Søren Sandmann Pedersen, maintainer of the pixman library that is at the heart of the software rasteriser in Cairo and X, argues that with all things being equal an integrated graphics processor should never be able to outperform the main processor for rendering Cairo. Ideally, when using either the GPU or CPU, we want the memory being the rate-limiting component. On the Sandybridge processor, the memory is attached to the system agent, along with the large L3 caches, and is shared between the CPU and GPU. So he argues that any performance advantage cairo-xlib might show over cairo-image whilst using Intel graphics is really an opportunity for improvement of the rasteriser and pixman kernels. (But also bear in mind that the GPU should be considerably more efficient and be able to saturate the memory bus at a fraction of the power cost of the CPU). Using SSE2, we are indeed able to fully saturate the bus to L1, L2 and main memory for a variety of common operations in pixman. However, the bilinear scaling kernels take longer to compute than it does to write the results to memory, and so fail to completely utilize the available bandwidth. Furthermore, for a slightly more complex transformation than a simple scale and translation, we do not yet have a fast SSE2 kernel that operates directly on the destination and so must incur some extra work. If we ignore, for the time being, making further optimisations to those kernels to improve performance, we can instead ask the question: if using one SSE2 unit is not enough to saturate the memory bus, what happens if we throw more cores at the problem?
To gain the most improvement from adding threads to cairo, you need to design a rasteriser and usage model with threading in mind in.
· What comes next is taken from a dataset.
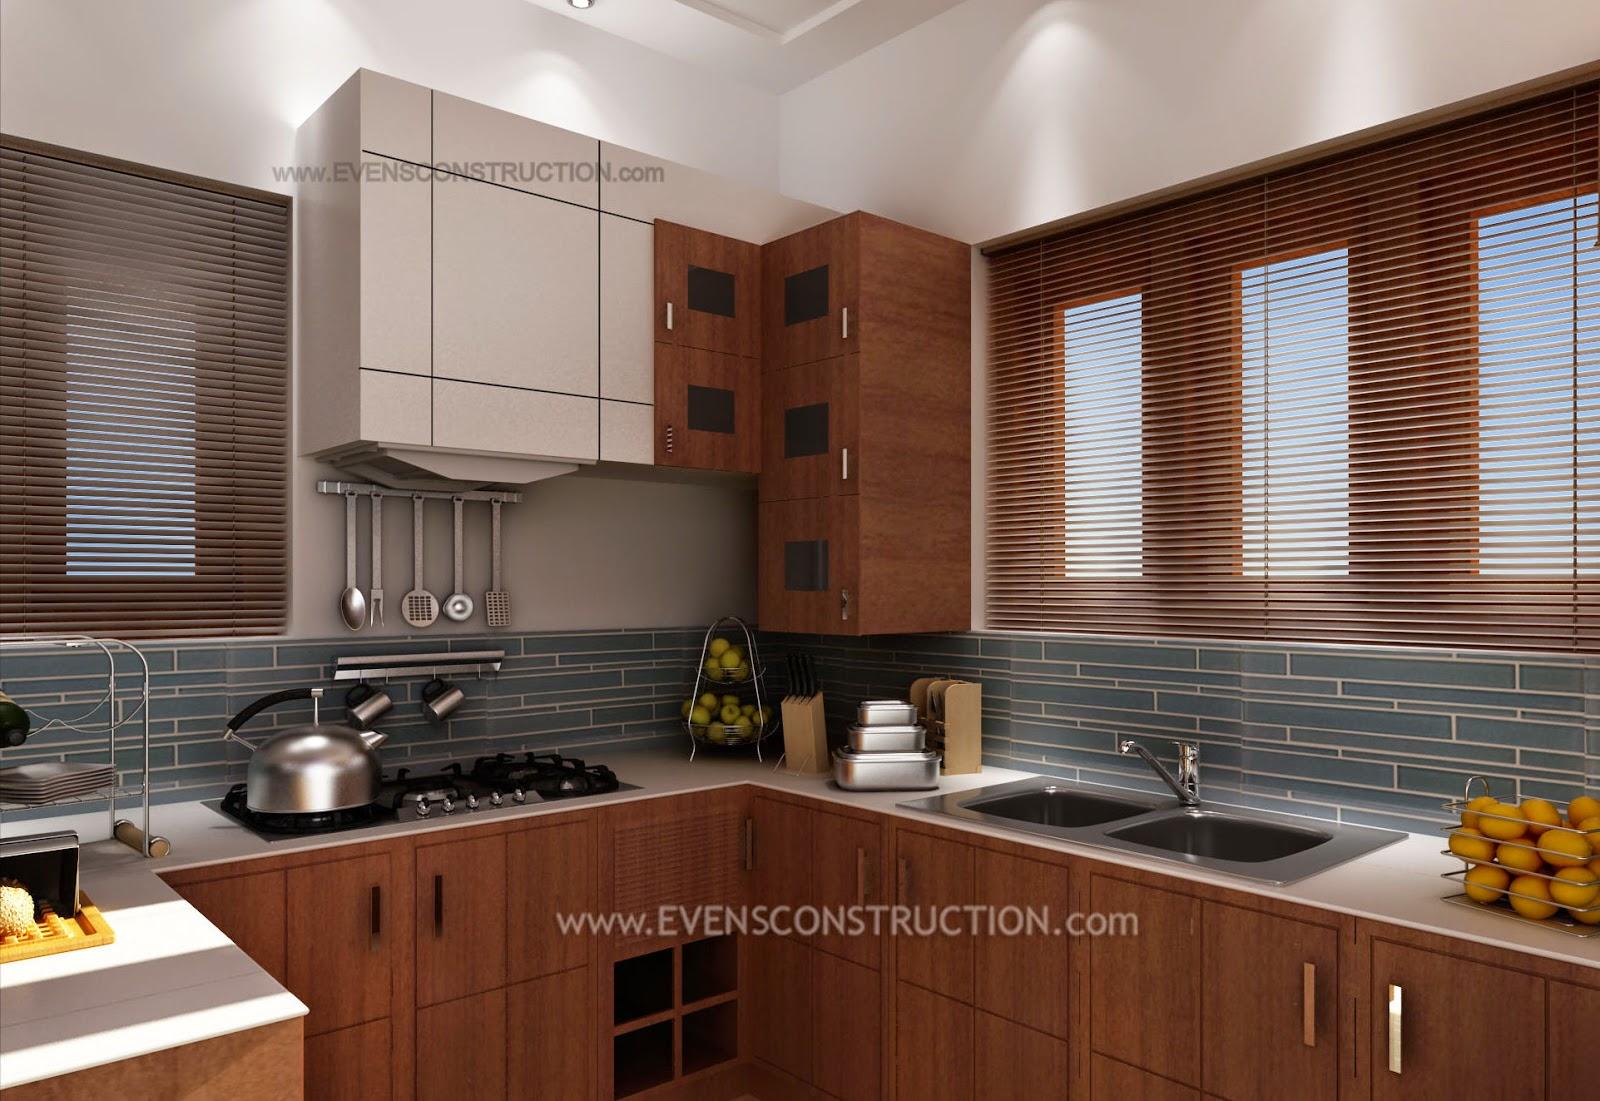 Evens Construction Pvt Ltd October 2014

One such design is the vector renderer O by Øyvind Kolås. Despite being an experiment, it does show quite a bit of promise, but in its raw form just throwing threads at the problem does not beat using the SIMD compositing routines provided by pixman. However, it did raise the question whether we can make improvements to the existing image backend without impacting upon its immediate mode nature and so could be used by existing applications without alteration. To preserve the existing semantics, we can break up the individual composite and scan conversion operations into small pieces and feed those to a pool of threads, and then wait for the threads to complete before returning back to the application. As such we then never run the threads for very long, and risk that the overhead in thread management outweighs any benefit from splitting the operation over multiple cores.
To gain the greatest advantage from adding threads, I used a desktop Sandybridge processor (an i5-2500) for benchmarking this prototype cairo-image backend:
About half the test cases regress by about 10%, but around one third are improved by 2-3x. Not bad – the regressions are unacceptable, but it does offer a tantalising suggestion that we can make some significant improvements with only a minor change. (Remember not all processors are equal, and thanks to Sandybridge’s turbo some cores are more equal than others. I tried running the test cases on a Sandybridge ultrabook, and as soon as more one core was active, the entire package was throttled to keep it within its thermal constraints. The performance regression was dire.)
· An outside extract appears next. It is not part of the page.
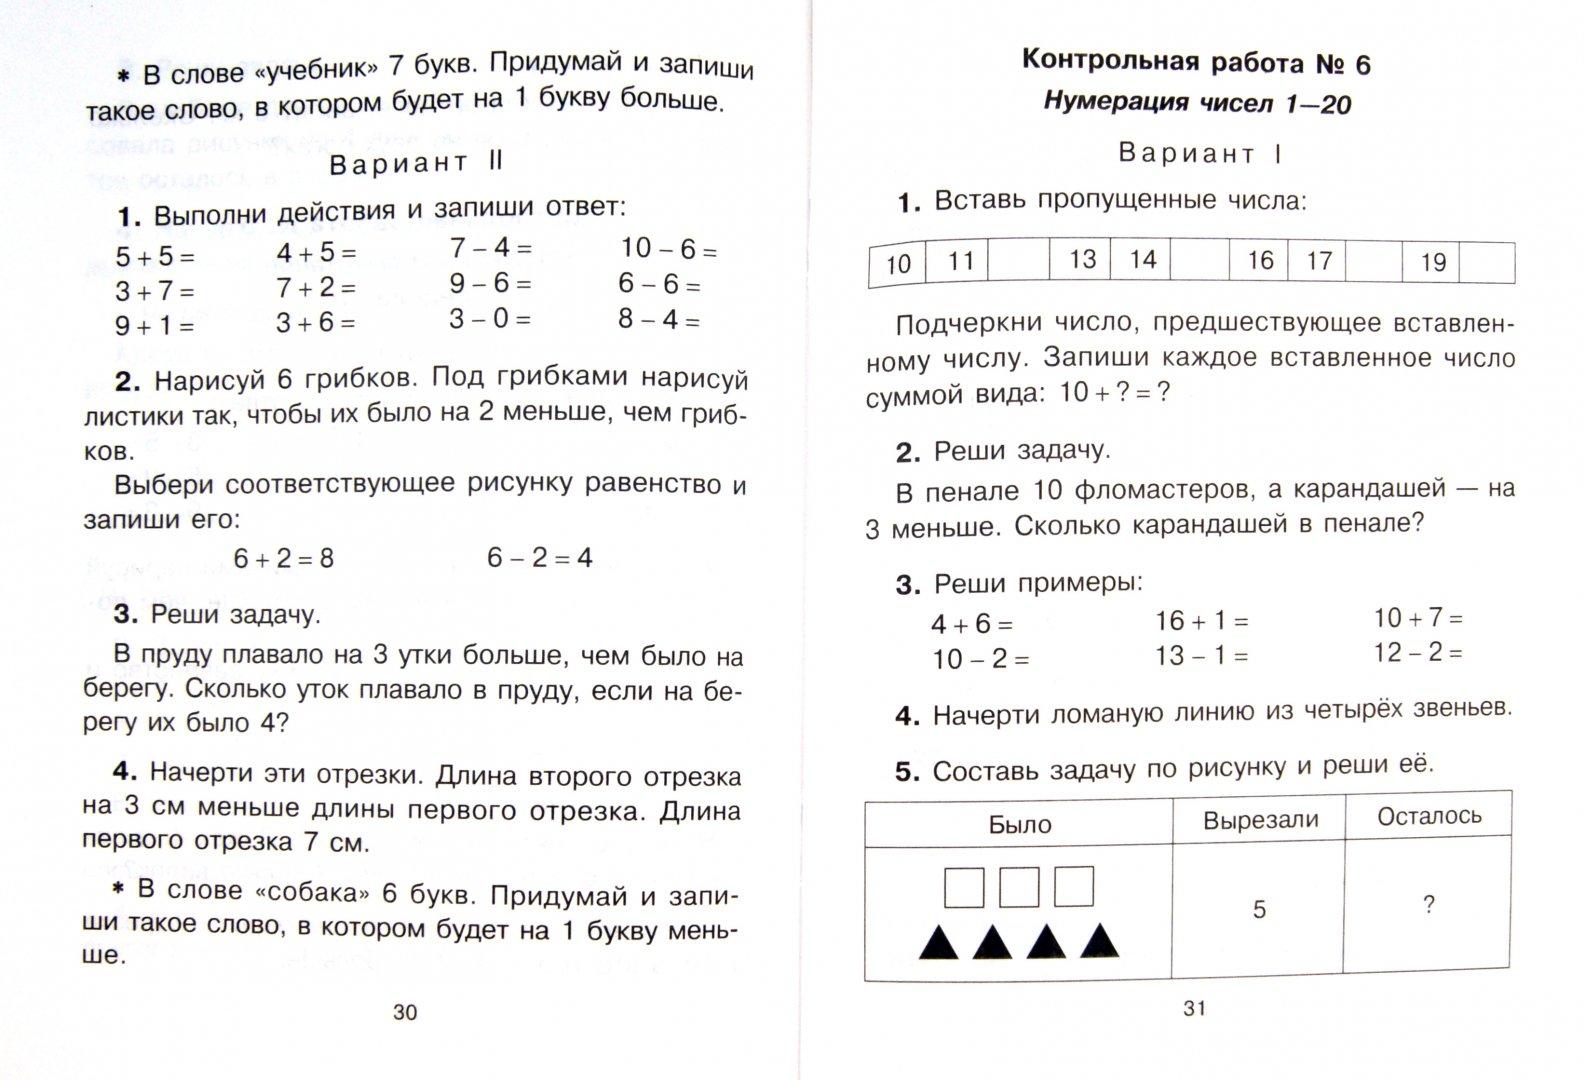 Иллюстрация 1 из 5 для Контрольные и проверочные работы по математике: 1-2 классы - Марина Остапенко | Лабиринт - книги. Источник: Лабиринт

Having tuned the software backend to make better use of the average resources, what can we now say about the relative merits of the integrated graphics processor?
Indeed, for the cases that are almost entirely GPU bound (for example the firefox-fishbowl, -fishtank, -paintball, -particles), we have virtually eliminated all the previous advantage that the GPU held. In a notable couple of cases, we have improved the image backend to outperform SNA, and for all cases now the threaded image backend beats UXA. However, as can be seen there is still plenty of room for improvement of the image backend, and we can’t let the hardware acceleration be merely equal to a software rasteriser…